Dear Benjamin Hollander—
Thank you for your attention to my letter, and for your reply. While I haven’t thought much of it before, I can imagine that statements my sentence reminds you of have been used to silence Jews from speaking out against Israeli policies. I imagine it may sound like the constant rightwing calls for Muslims to denounce terrorism, and I’m sure it must be exhausting. Though maybe not quite as exhausting as antisemitism infecting otherwise righteous movements to end oppression.

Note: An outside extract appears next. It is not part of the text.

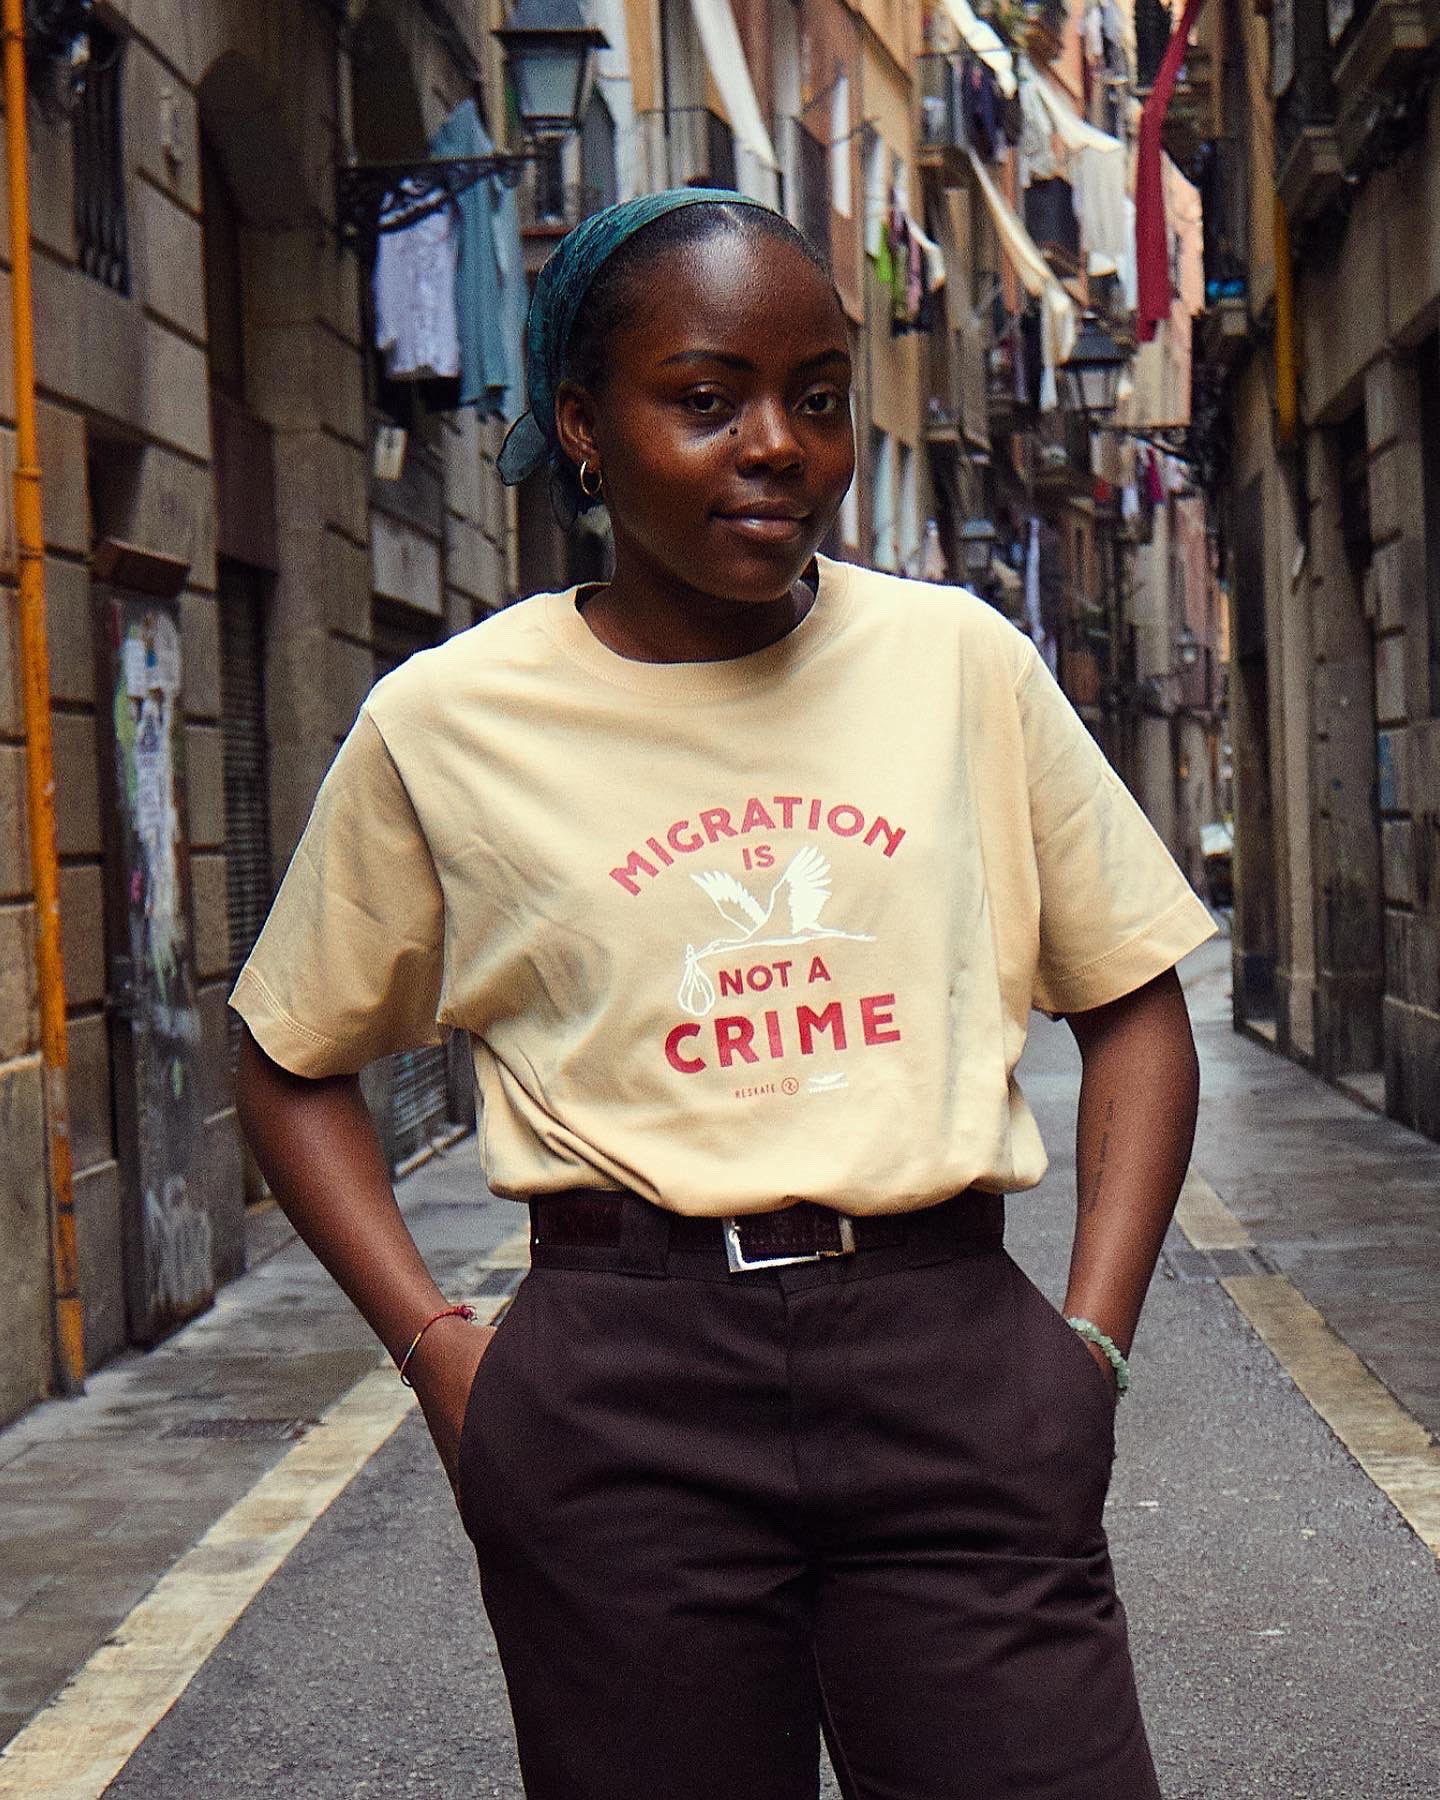 A young Black woman wears a shirt that reads "Migration is not a Crime"

But I think those are statements my sentence reminds you of, not my sentence. I understand that language isn’t private property, and that my intent doesn’t matter as much as my effect once I’ve written or said something publicly. But for what it’s worth, I don’t mean to silence anyone. I didn’t mean that Jews and have to denounce, account for, or explain antisemitism in criticism of Israel. I meant that antisemitism can undermine the virtue of movements like BDS, so people who don’t want to see BDS undermined have a responsibility to say to supporters who make antisemitic remarks or commit antisemitic acts that such behavior is not welcome here. I’m not asking for paranoia or for silence; I’m asking for vigilance as we speak. The letter I wrote about China was about being vigilant about how what we say might convey prejudicial information, so we should work harder. I am sure the same is true with Israel and Palestine. It may be exhausting, but I expect that it will be worth it.
I hope that distinction makes sense, and that you can appreciate the difference.